I’ll bet Jesus heard this a lot, also. “Don’t talk politics or the Zealots will revolt and the Romans will kill us all.” And, “How can the thirteen of us possibly succeed against the whole world?” And maybe even, “Why do we have to invite the lepers and the prostitutes and the tax collectors, and now all of the Gentiles? Can’t this just be for us?”

Well, Jesus was no comedian. But he used a rhetorical device—parables—that works a lot like angry comedy. A parable is a story that seems very simple, but is quite sophisticated. The gospels say that Jesus spoke in parables, riddles really, to perplex the crowd. The thing about parables is that, by the time we figure out all the layers of a parable’s meaning, we’ve already let the parable’s message in past our shields.

In this way, a parable is like the mustard seed that Jesus talks about in our gospel lesson today. A parable is the smallest, most innocuous-looking of stories, but once rooted within us, the parable grows enormously and is impossible to root out.

But Jesus didn’t say that a mustard seed is like a parable, did he? Instead, Jesus said that the Kingdom of God is like a mustard seed. Earlier in Mark (1:14) we learned that, after John the Baptist was arrested, Jesus began his ministry proclaiming “the good news of God,” which is that “the Kingdom of God has come near; repent, and believe in the good news.”

Everything Jesus did showed us what the Kingdom of God is. Jesus taught that the Kingdom of God involves living justly, which is to say valuing all people, placing the needs of others above the rules, and sharing what we have.

But maybe you think I’ve mixed my politics and my theology—and maybe I have. In my view, theology and politics are inseparable. But let’s retreat to safer ground and return to the little innocuous mustard seed.

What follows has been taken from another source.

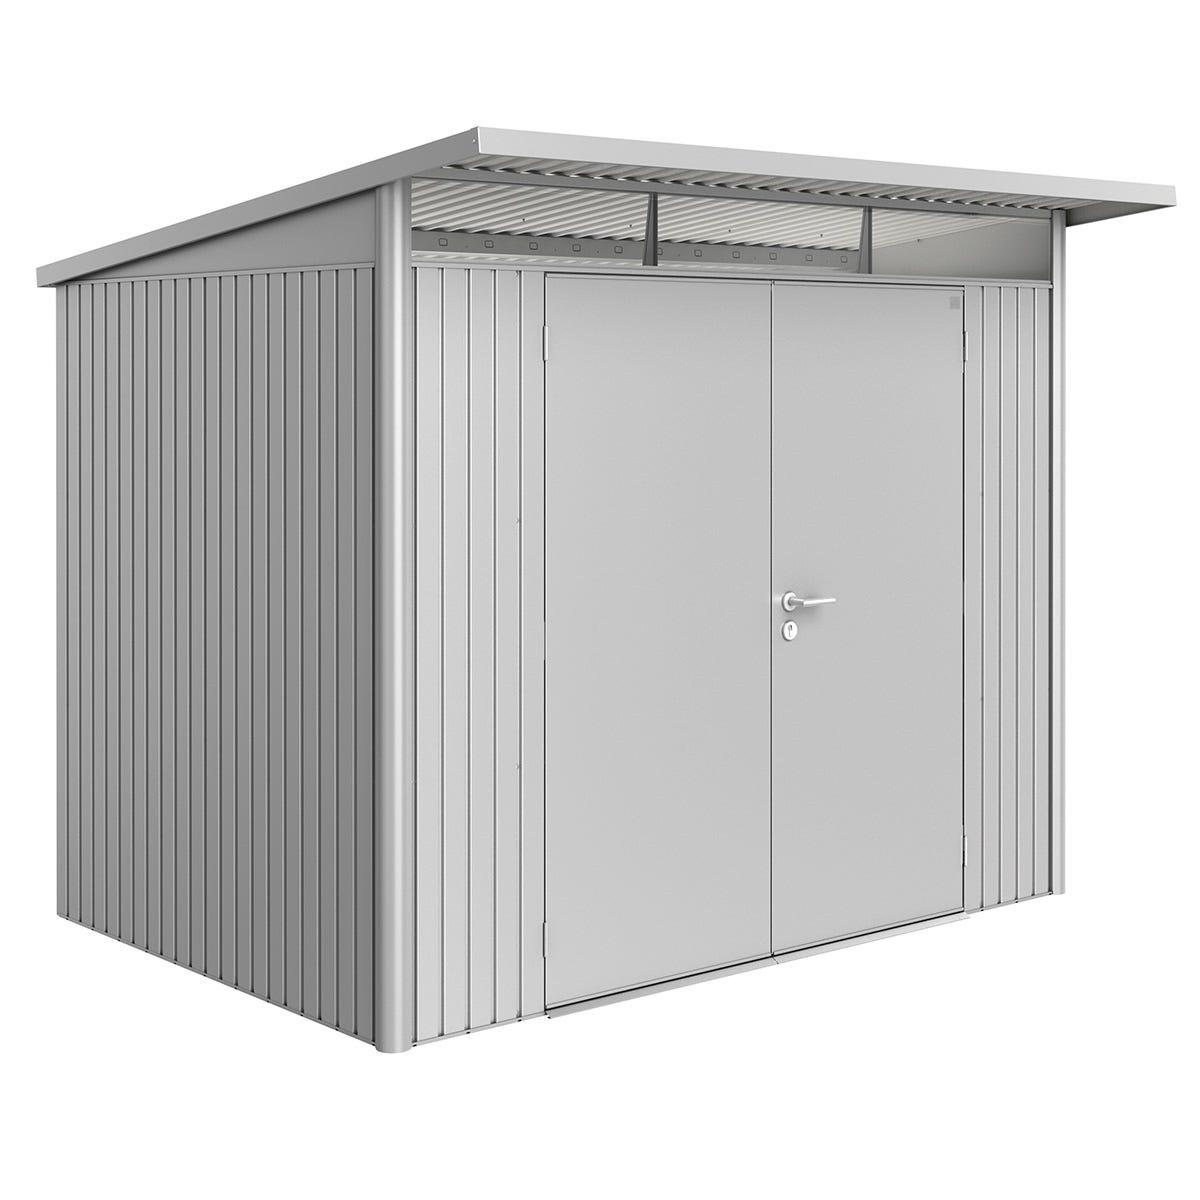 Biohort AvantGarde Metal Shed A5 Double door 8' 5'' x 7' 2'' - Metallic Silver
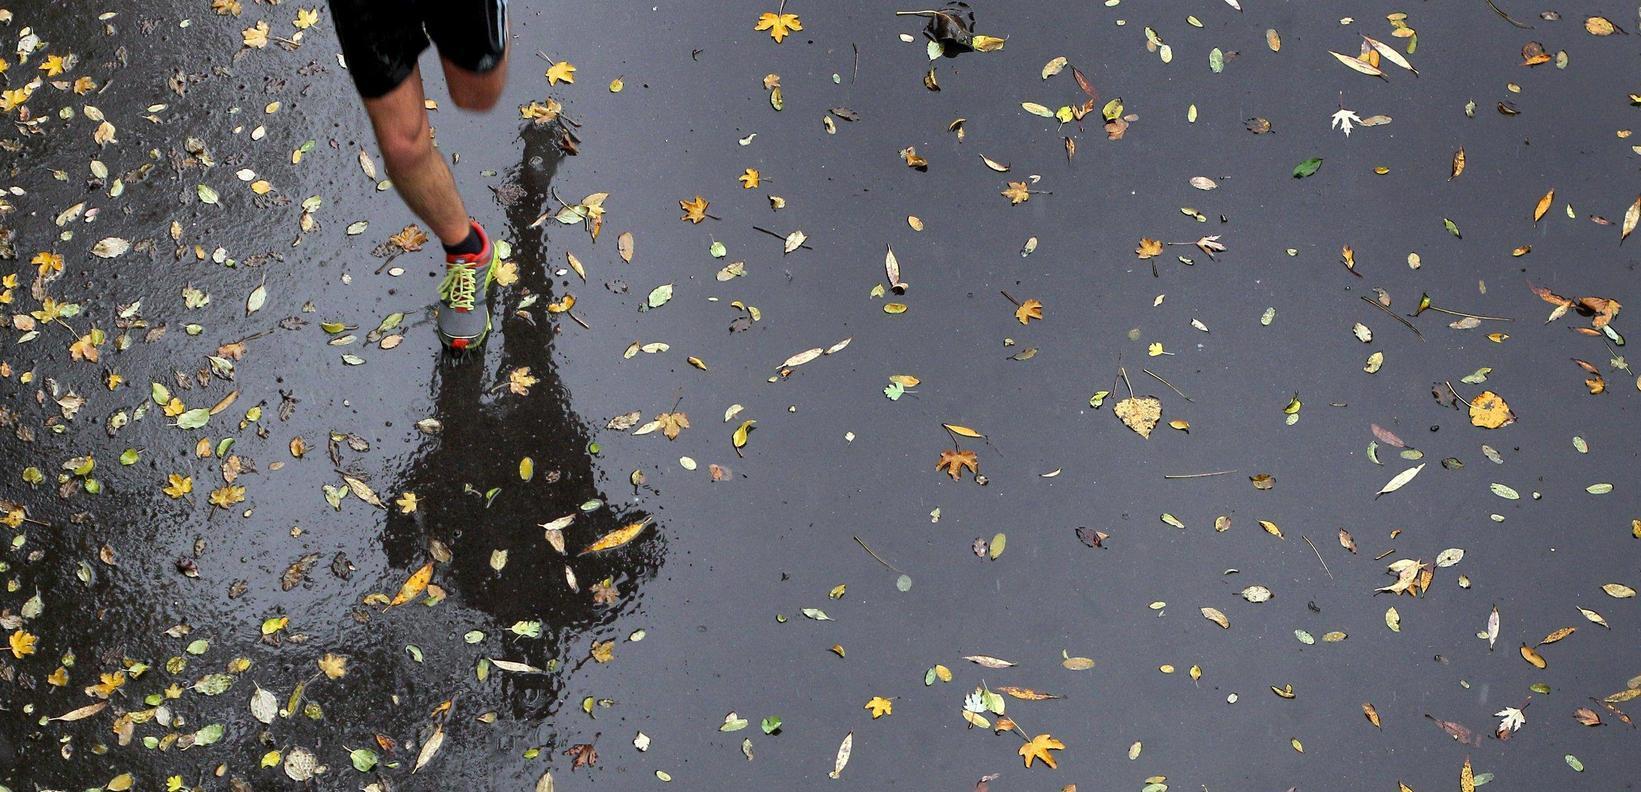 Nächste oder übernächste Woche fangen Sie wieder mit dem Joggen an? Eine typische Herbstfalle.

  • I’ll bet you’ve heard about the small mustard seed.
  • I’ll bet you know that this small seed grows into a huge shrub.
  • I’ll bet you even have this parable all figured out. “Have just a little faith,” you’re undoubtedly thinking, “and God will multiply your faith hugely.

But today’s lesson doesn’t say anything about faith. Instead, we have just this tiny seed that grows into something very large. And we hear today that the mustard seed grows into such a large shrub that the “birds of the air” make nests in its shade.

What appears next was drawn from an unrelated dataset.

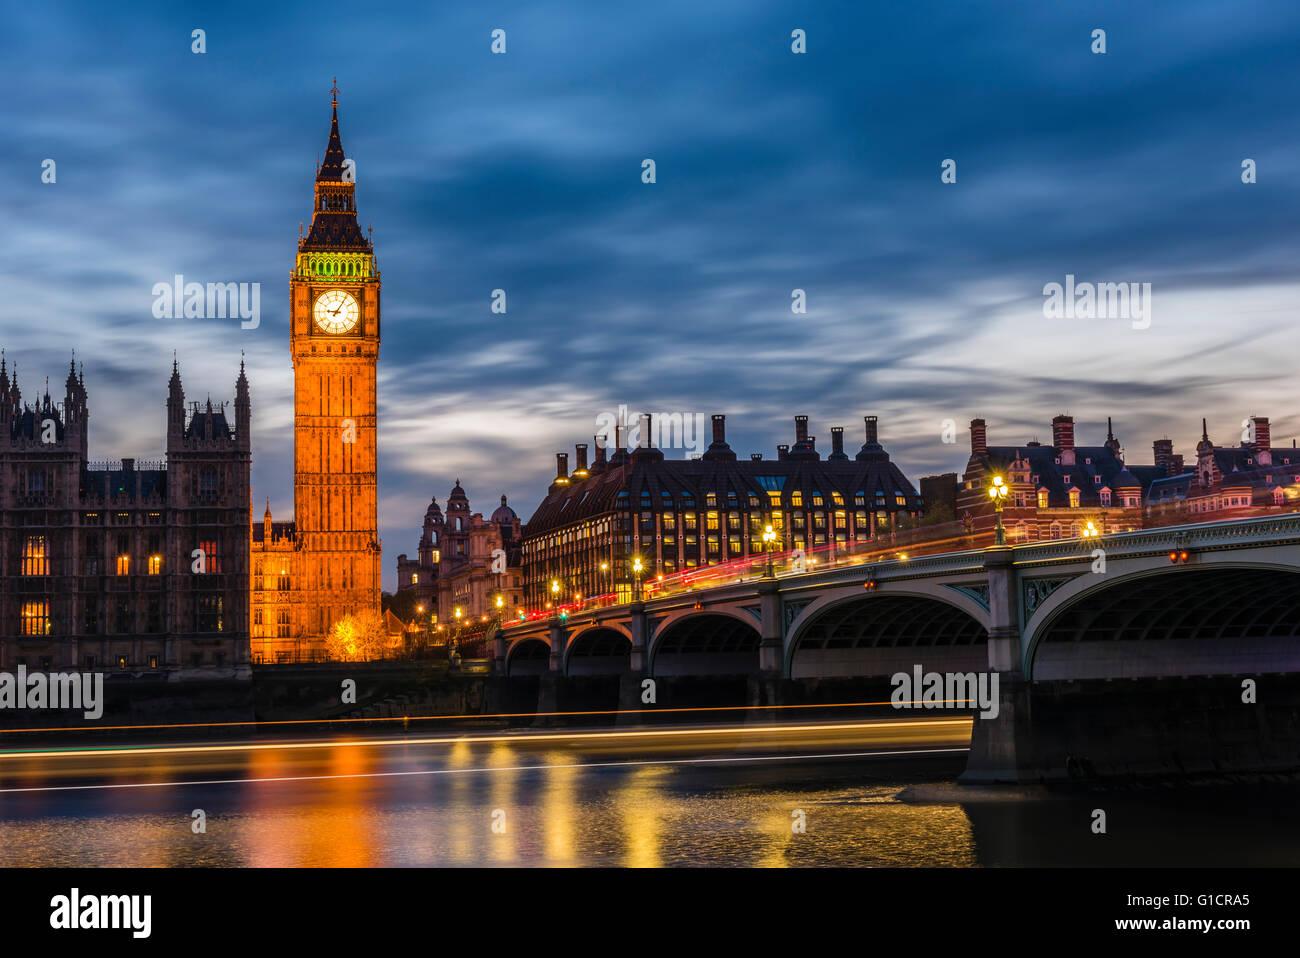 La larga exposición al anochecer de autobuses en Westminster Bridge y botes en el río Támesis, Londres, Reino Unido. Foto de stock

Thanks to this parable, I’ve seen a mustard seed. I’ll bet you have, also. But I’ve never seen a mustard bush. So I Googled an image of one and put a photograph of a grown mustard bush on the front of today’s bulletin. Big, isn’t it?

Jesus says that the Kingdom of God is like this: a huge bush, grown from a small (unlikely) source. Did you LOOK at that bush? We’re talking messy and downright out of control. I want to get out my pruning shears and whack some order into that bush. I want to see one bird per limb, and nothing else hiding in there ready to bite me.

But tending the bush is not our work. Today’s parables make clear that our job is to sow those little God seeds.

“Nice to know, Jo,” you might be thinking. “But where’s the zinger in this parable?” Well, did you know that “birds of the air” might be translated “birds of heaven?” And that “birds of heaven” is a biblical expression that means “the multitude of nations.” In other words, Jesus’ little story about the Kingdom of God is populated with absolutely everyone. This mustard bush, God’s Kingdom, is not a “just us” enterprise.

So here’s the zinger: If we want to do the work of God here in this place, to be God’s hands and feet and heart in this place, we MUST be about planting and tending and growing religious and ethnic integration right here in our midst, right here in God’s Kingdom, right here in our neighborhoods, and right here in our hearts.

There are other ways to faithfully interpret today’s mustard seed parable. But this one speaks to me today. Jesus’ seemingly innocuous parable has slid a zinger right by us. But this point—that God’s Kingdom is for everyone—needs to take root and grow. I read this week that mustard bushes are like bamboo, in a way. If you plant a mustard seed, the root system gets embedded and just takes over. Once planted, the Kingdom of God takes over our values and our lives. We have THIS mustard seed right here at Resurrection; how can we plant this seed in our world?